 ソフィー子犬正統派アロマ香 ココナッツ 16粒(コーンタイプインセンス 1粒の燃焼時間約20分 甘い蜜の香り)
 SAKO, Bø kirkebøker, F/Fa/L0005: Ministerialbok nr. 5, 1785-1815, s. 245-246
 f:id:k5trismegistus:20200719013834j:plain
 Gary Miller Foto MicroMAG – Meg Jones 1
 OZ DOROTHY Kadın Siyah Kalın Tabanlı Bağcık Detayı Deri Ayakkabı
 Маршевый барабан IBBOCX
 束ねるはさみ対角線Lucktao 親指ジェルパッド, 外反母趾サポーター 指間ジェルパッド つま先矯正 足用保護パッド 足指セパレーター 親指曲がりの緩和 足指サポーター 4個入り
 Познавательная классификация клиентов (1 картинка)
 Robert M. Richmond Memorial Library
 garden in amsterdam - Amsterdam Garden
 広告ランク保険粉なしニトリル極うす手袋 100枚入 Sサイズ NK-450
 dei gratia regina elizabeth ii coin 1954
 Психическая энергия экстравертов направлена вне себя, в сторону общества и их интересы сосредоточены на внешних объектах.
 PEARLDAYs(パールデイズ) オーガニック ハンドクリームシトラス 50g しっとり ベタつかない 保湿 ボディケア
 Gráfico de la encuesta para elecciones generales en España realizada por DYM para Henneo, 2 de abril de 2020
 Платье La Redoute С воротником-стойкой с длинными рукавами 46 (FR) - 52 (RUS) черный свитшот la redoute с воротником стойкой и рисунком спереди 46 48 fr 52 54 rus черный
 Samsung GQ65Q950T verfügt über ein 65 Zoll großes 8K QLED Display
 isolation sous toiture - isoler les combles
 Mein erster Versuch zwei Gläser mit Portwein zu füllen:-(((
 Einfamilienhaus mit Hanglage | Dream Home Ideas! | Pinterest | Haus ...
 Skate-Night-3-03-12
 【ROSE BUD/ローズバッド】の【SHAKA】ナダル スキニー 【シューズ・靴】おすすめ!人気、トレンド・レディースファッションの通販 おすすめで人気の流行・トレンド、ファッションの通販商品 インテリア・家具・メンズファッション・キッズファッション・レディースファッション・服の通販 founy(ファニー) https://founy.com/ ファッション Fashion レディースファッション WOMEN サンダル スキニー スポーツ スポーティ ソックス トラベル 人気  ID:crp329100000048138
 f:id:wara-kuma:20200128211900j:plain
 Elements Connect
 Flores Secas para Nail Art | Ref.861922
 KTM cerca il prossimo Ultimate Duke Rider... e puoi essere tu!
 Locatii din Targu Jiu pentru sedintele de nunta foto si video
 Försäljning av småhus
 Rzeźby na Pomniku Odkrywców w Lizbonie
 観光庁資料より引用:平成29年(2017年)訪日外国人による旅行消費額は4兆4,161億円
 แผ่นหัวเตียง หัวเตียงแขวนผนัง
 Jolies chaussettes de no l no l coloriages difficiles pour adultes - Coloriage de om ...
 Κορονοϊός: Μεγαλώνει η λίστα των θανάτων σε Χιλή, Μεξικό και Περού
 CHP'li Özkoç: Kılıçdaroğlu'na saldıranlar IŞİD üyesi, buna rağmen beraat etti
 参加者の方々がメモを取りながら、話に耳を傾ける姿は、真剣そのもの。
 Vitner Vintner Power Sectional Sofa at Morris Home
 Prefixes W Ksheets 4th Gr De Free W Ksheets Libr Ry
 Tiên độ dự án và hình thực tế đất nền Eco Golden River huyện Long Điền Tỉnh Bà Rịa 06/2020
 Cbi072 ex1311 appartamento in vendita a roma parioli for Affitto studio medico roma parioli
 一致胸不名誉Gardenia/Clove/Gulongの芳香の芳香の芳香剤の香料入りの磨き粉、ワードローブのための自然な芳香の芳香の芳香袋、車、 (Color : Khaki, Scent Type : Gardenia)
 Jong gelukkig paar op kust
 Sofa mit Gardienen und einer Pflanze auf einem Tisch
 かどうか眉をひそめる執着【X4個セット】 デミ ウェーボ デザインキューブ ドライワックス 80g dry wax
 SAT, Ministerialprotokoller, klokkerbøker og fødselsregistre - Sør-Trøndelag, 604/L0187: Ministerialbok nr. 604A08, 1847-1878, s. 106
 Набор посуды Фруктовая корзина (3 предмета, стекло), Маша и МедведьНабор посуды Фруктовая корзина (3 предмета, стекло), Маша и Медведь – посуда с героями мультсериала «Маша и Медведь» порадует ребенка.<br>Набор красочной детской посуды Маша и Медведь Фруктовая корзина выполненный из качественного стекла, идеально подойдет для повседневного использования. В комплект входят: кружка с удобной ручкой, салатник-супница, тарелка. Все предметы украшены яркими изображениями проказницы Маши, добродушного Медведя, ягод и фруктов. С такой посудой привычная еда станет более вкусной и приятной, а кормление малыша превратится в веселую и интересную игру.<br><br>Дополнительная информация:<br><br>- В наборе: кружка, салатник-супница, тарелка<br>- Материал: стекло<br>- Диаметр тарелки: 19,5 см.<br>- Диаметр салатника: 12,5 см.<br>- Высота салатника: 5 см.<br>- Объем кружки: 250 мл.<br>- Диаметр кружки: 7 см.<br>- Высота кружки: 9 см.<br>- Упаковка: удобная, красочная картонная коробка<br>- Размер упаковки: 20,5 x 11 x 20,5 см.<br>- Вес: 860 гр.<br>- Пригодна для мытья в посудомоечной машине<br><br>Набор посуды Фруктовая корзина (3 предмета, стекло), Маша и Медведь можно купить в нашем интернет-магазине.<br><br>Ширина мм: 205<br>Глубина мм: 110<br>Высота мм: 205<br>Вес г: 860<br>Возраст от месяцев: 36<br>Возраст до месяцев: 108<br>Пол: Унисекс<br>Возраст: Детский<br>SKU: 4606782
====
*Brief:*
Reproduce exactly every line that sits between the start of the entries and the line bearing "Mein erster Versuch", counting both of those lines.

*Result for this task:*
 ソフィー子犬正統派アロマ香 ココナッツ 16粒(コーンタイプインセンス 1粒の燃焼時間約20分 甘い蜜の香り)
 SAKO, Bø kirkebøker, F/Fa/L0005: Ministerialbok nr. 5, 1785-1815, s. 245-246
 f:id:k5trismegistus:20200719013834j:plain
 Gary Miller Foto MicroMAG – Meg Jones 1
 OZ DOROTHY Kadın Siyah Kalın Tabanlı Bağcık Detayı Deri Ayakkabı
 Маршевый барабан IBBOCX
 束ねるはさみ対角線Lucktao 親指ジェルパッド, 外反母趾サポーター 指間ジェルパッド つま先矯正 足用保護パッド 足指セパレーター 親指曲がりの緩和 足指サポーター 4個入り
 Познавательная классификация клиентов (1 картинка)
 Robert M. Richmond Memorial Library
 garden in amsterdam - Amsterdam Garden
 広告ランク保険粉なしニトリル極うす手袋 100枚入 Sサイズ NK-450
 dei gratia regina elizabeth ii coin 1954
 Психическая энергия экстравертов направлена вне себя, в сторону общества и их интересы сосредоточены на внешних объектах.
 PEARLDAYs(パールデイズ) オーガニック ハンドクリームシトラス 50g しっとり ベタつかない 保湿 ボディケア
 Gráfico de la encuesta para elecciones generales en España realizada por DYM para Henneo, 2 de abril de 2020
 Платье La Redoute С воротником-стойкой с длинными рукавами 46 (FR) - 52 (RUS) черный свитшот la redoute с воротником стойкой и рисунком спереди 46 48 fr 52 54 rus черный
 Samsung GQ65Q950T verfügt über ein 65 Zoll großes 8K QLED Display
 isolation sous toiture - isoler les combles
 Mein erster Versuch zwei Gläser mit Portwein zu füllen:-(((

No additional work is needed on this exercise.